PROBLEM:
All lines below must be repeated exactly, with the pictures omitted.
[DATA BELOW Boundary: Start]
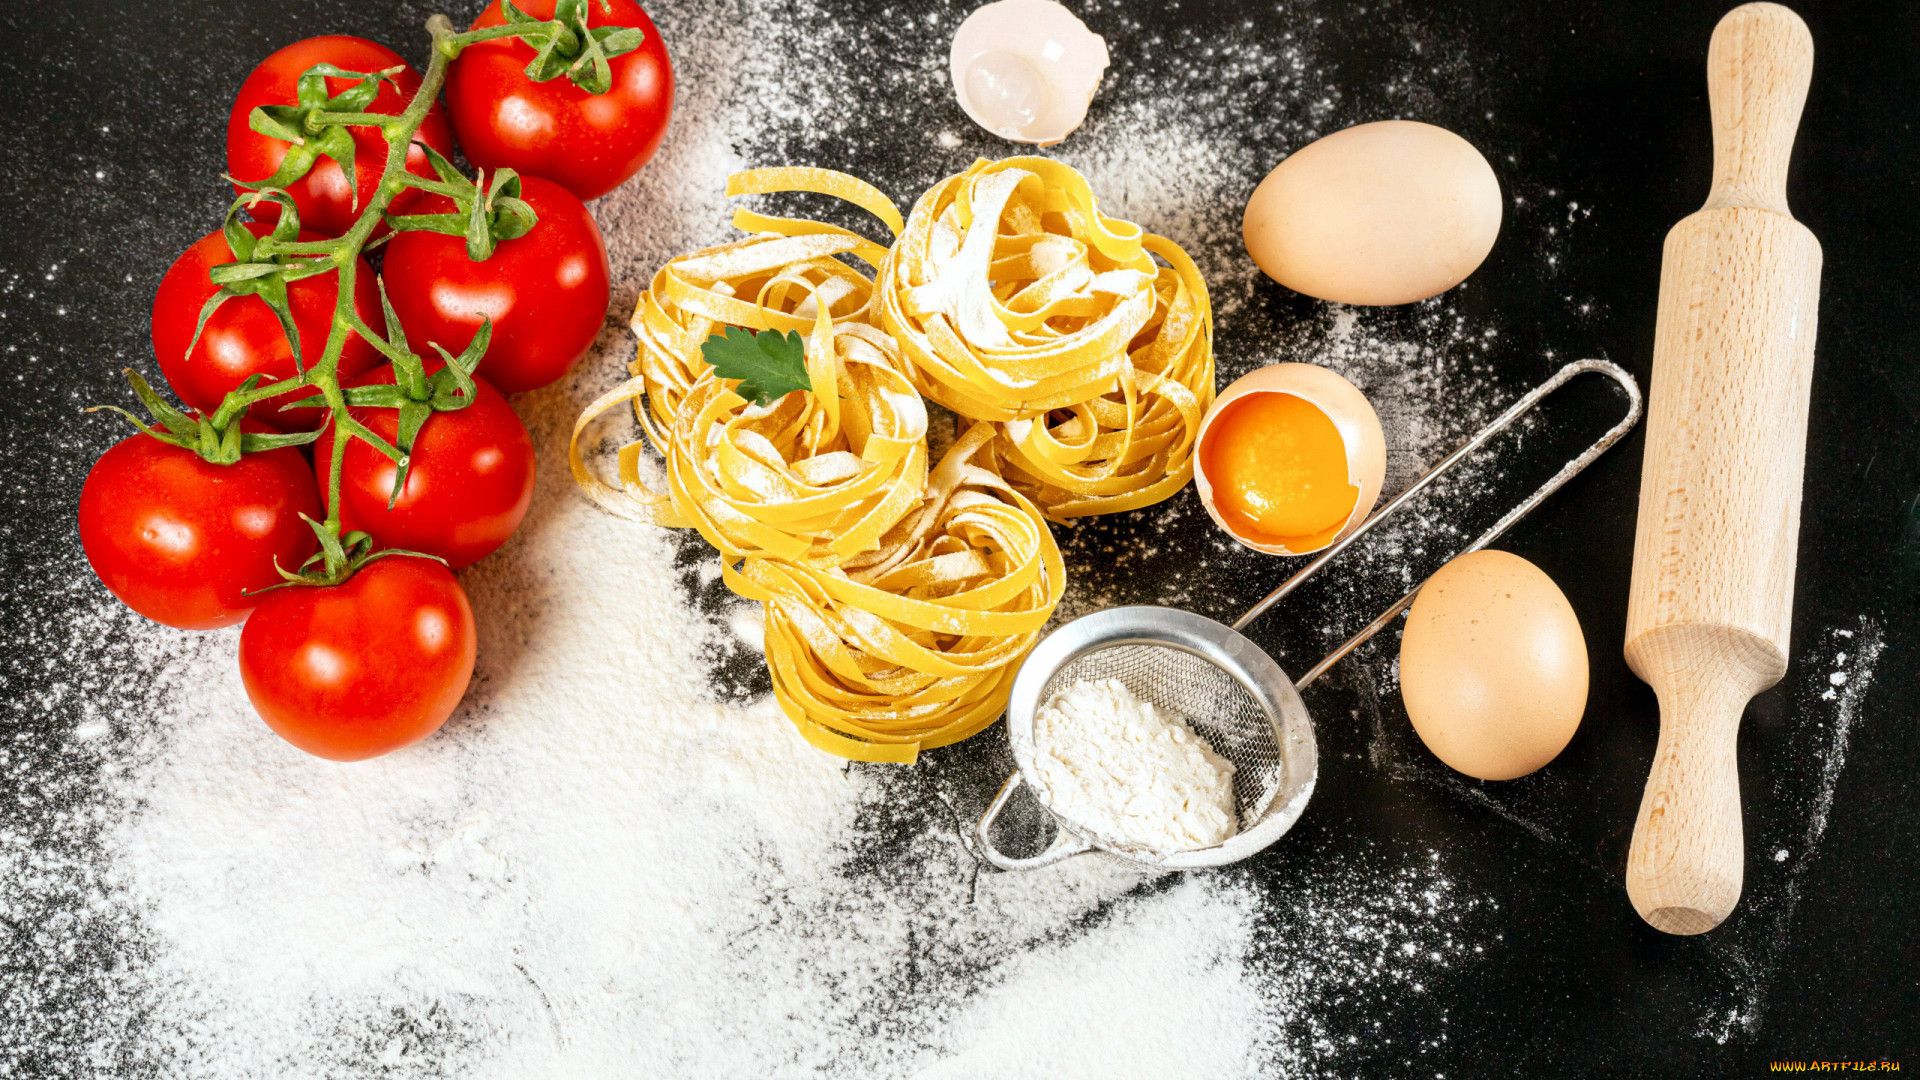 General 1920x1080 food tomatoes noodles eggs cooking rolling pin pasta flour
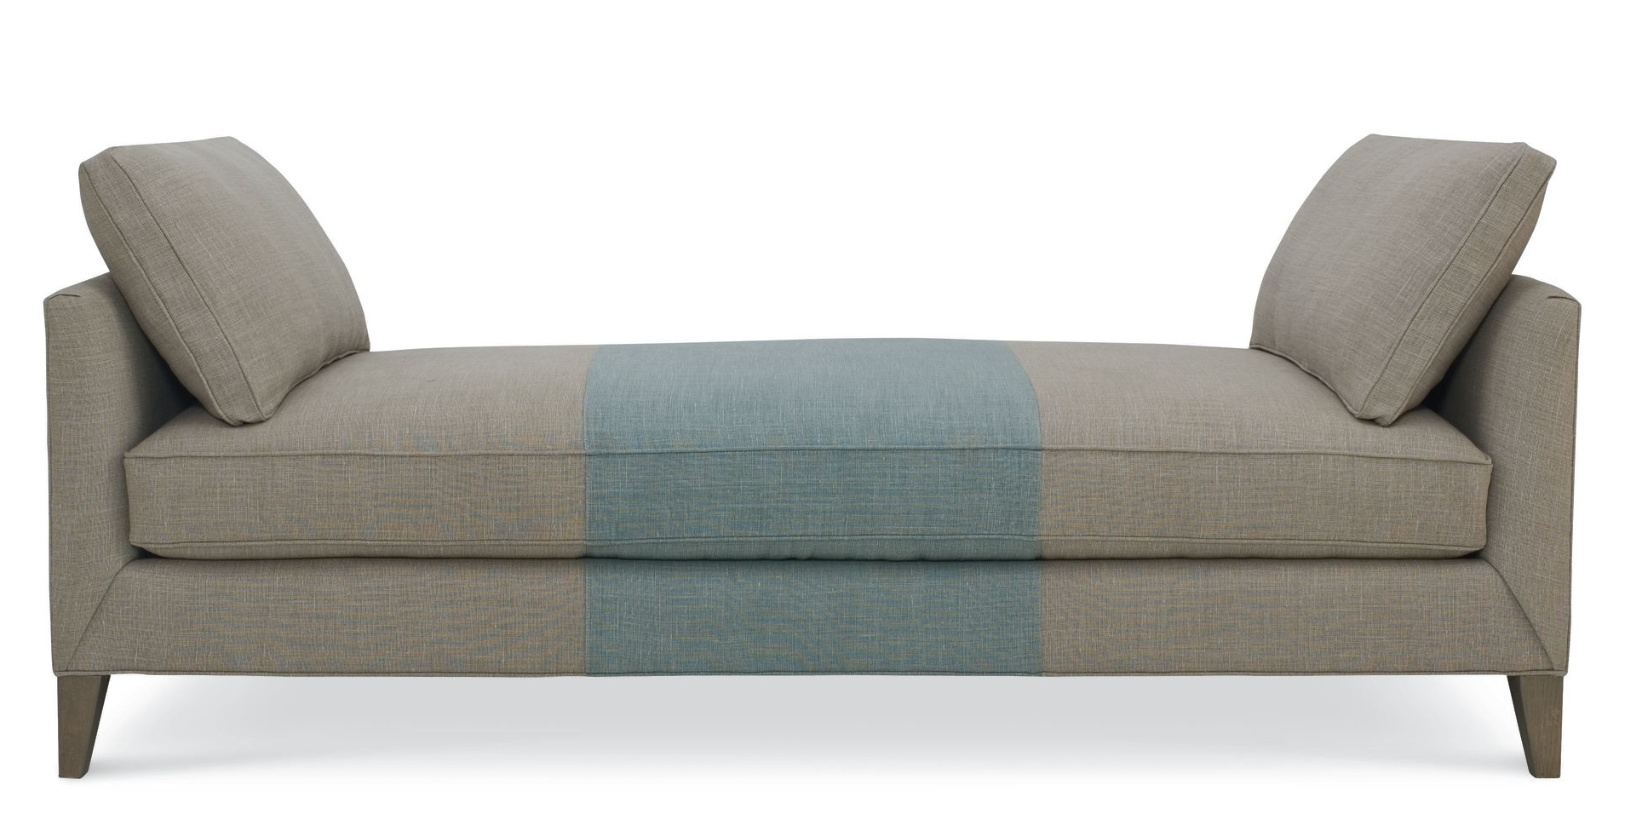 Friday Family-Friendly Find: CR Laine Liv Daybed | Interiors for Families
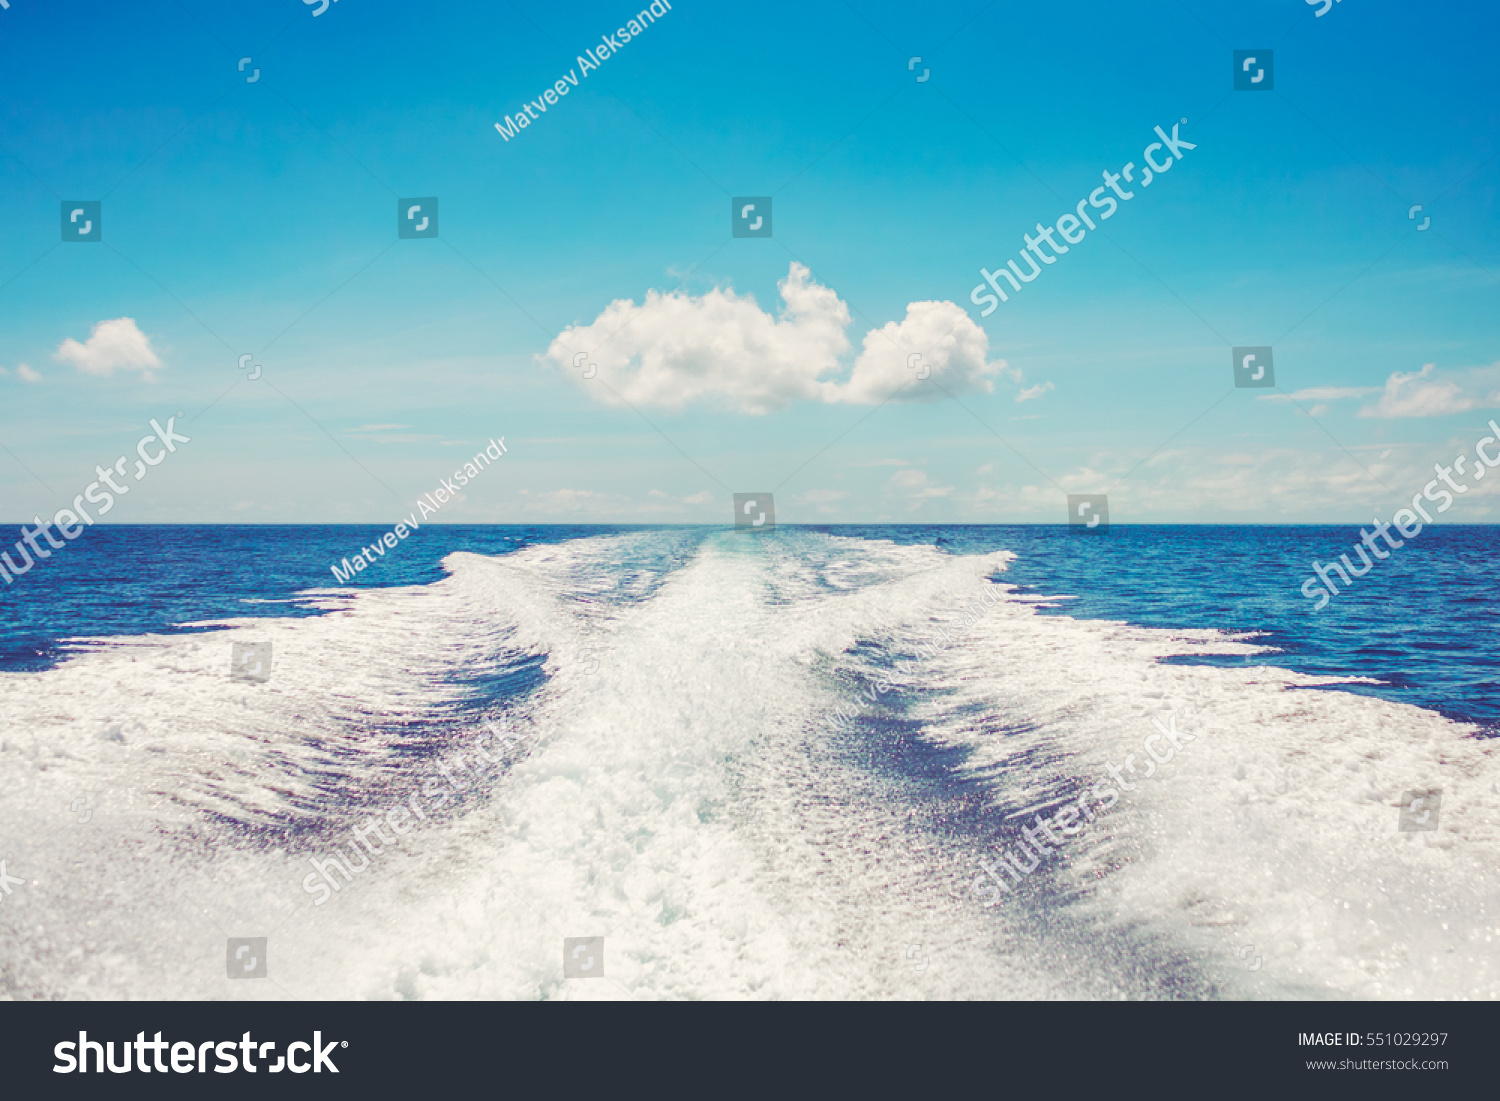 Vacation holiday concept background wallpaper. Background water surface behind of fast moving motor boat in vintage retro style #551029297
[DATA BELOW Boundary: End]
EXPECTED OUTPUT:
 General 1920x1080 food tomatoes noodles eggs cooking rolling pin pasta flour
 Friday Family-Friendly Find: CR Laine Liv Daybed | Interiors for Families
 Vacation holiday concept background wallpaper. Background water surface behind of fast moving motor boat in vintage retro style #551029297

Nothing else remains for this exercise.